Tuesday, May 12, 2009

New Directions ...

I have noticed, after going back through a number of my posts (mostly the new ones), that my posts are whiny. Really whiny (if you don't want to read whiny posts then I would suggest that you don't click on those links. However, if you would like to bitch about how whiny I have been lately, then click and comment to your heart's content).

And I know that this might sound surprising, but I didn't create Master of my Money with the intention of using it as a place where I could complain. I'm also going to guess that reading a blog where the author mainly bitches and moans about how she has to spend SO MUCH money ALL THE TIME has to get a little boring. Am I right? I mean, if I weren't the one writing the blog I probably wouldn't stick around either, and that's saying something because I think I am the most fantastic writer EVAR.

Plus, the complaining makes me sound all "holier than thou" and I do not think that I am better than you. In fact, I bet that you are like 10 times as awesome as me. Seriously. I bet that if we were friends, we would be BFFs and I would totally be that friend that did whatever you wanted because you are just that cool.

The whole reason that I thought up this blog was to write a sort of trial and error type guide to being financially savvy in your 20's. You know, learning how to make and stick to a budget (or discovering that you can't stick to one EVER and finding another way to not spend all your money on things you don't need like yarn or fabric or booze). Buying big things like a car (something I'm doing right now! Posts to come!), without going on and on and on about how my old car is SO! LAME! OMG!

So [readers, myself, internet] I hereby swear on a stack of ... hmm ... *rummages around in desk*; I hereby swear on this stack of multicolored post-it notes (it's the only thing I have close at hand) that I will stop whining and start writing posts that actually contribute something of value to the internet and to you.

Promise promise.

Friday, May 1, 2009

You've Got to Cut it, Cut It Good

And there you have it. The card that I have talked about more than once; the one that I was afraid to cut up. It's done. I did it. This morning at work (which is why the picture is crappy, I took it on my phone).

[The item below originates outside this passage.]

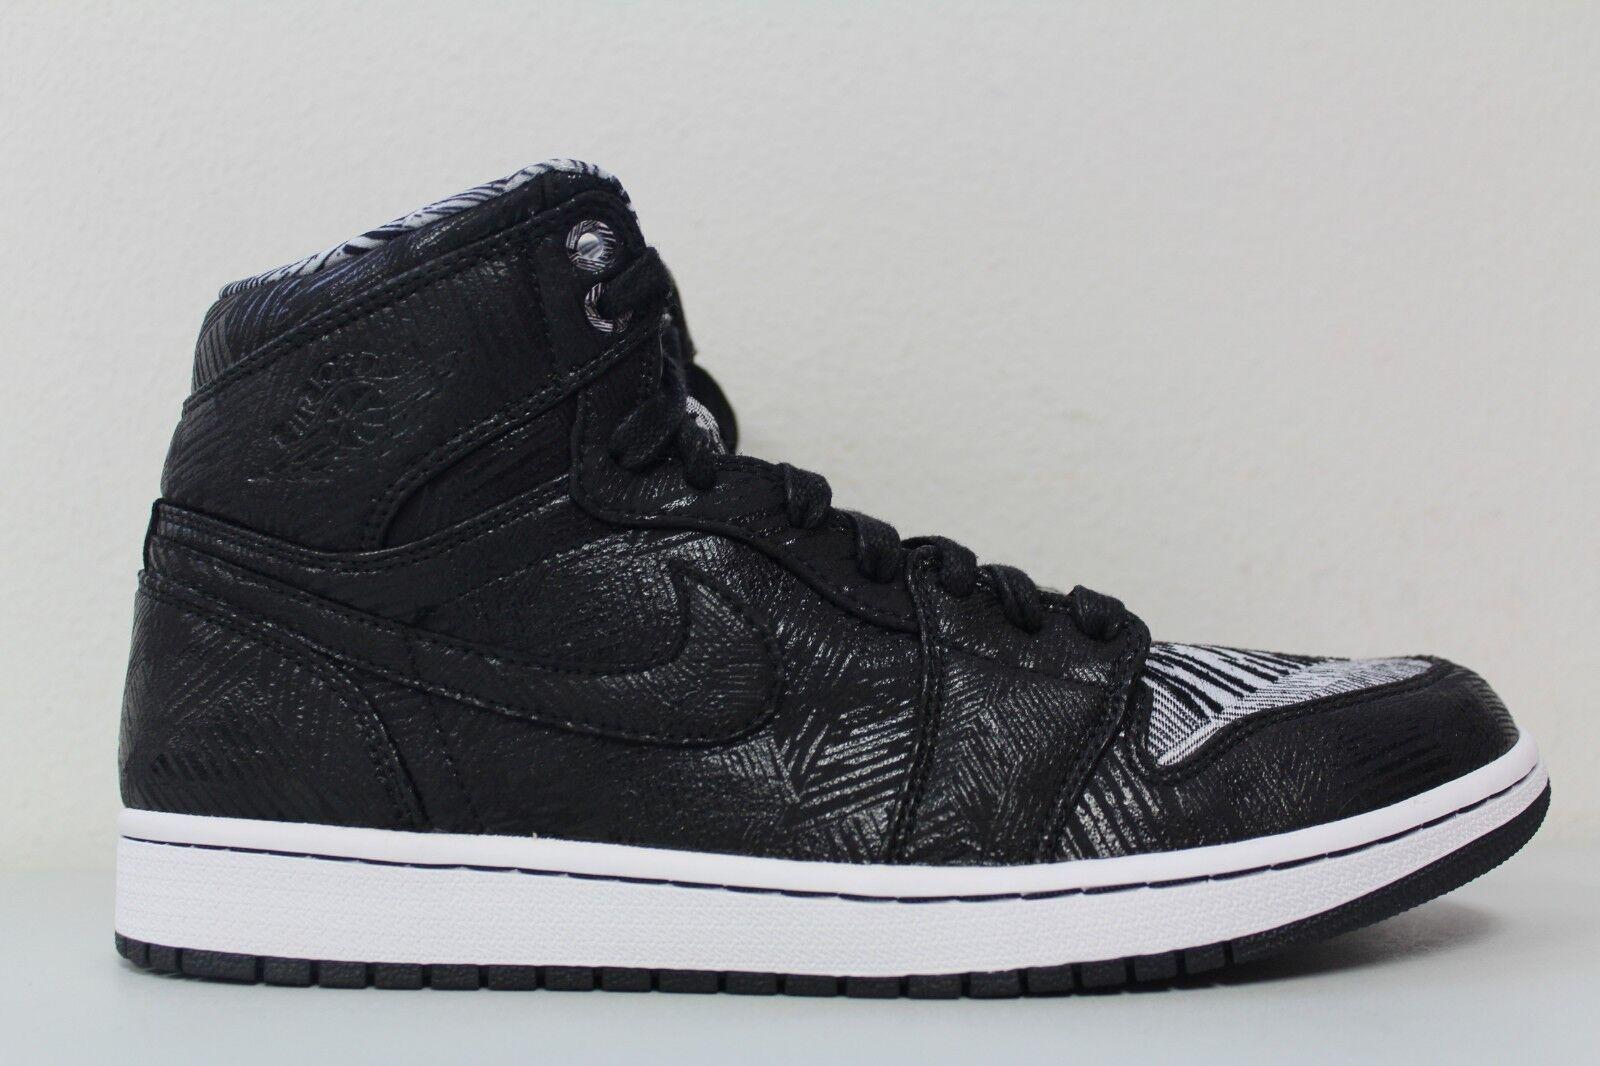 Nike Mens Air Jordan 1 High BHM Size 11 DS Black White 2015 Retro 579591-010

What finally pushed me over the edge? I was tired of my WILDLY fluctuating balance. I'm tired of having to hide it from myself and my inability to just say no to things that I want but can't afford. Plus, I accidentally picked the wrong checking account to pay my bill online which created a huge mess of bounced check fees, overdraft fees, and getting locked out of the "bill pay" section on the Citi Card website.

And, as an aside, if you bounce a check while trying to pay your account online, Citi won't let you make another payment online for up to 6 MONTHS after the fact (I found this out, finally, after 3 different calls to customer service). Thank the Lord that I talked to a lovely girl the last time I called got to explain the fact that it was a mistake on my part and she got my account reactivated.

But after the whole mess I took a step back, looked at the crazy balance that I now have on my card as a result of a car repair + the damage that I've done as a result of a freshly doubled credit limit and thought to myself "enough is enough". So I cut it up. And even though I'm a little sad that I won't have it around to charge groceries too on those months when I run out of money, I know that my E-Fund was set up for just those kinds of months and that I will be ok. And I'm fine with the fact that this piece of plastic is no longer weighing heavily on my mind.

I'm also pretty excited about the fact that I am no longer enabling myself. There will be no more impulse yarn/fabric/book/dog toys/gift purchases made unless I have the cash for it sitting around in my checking account.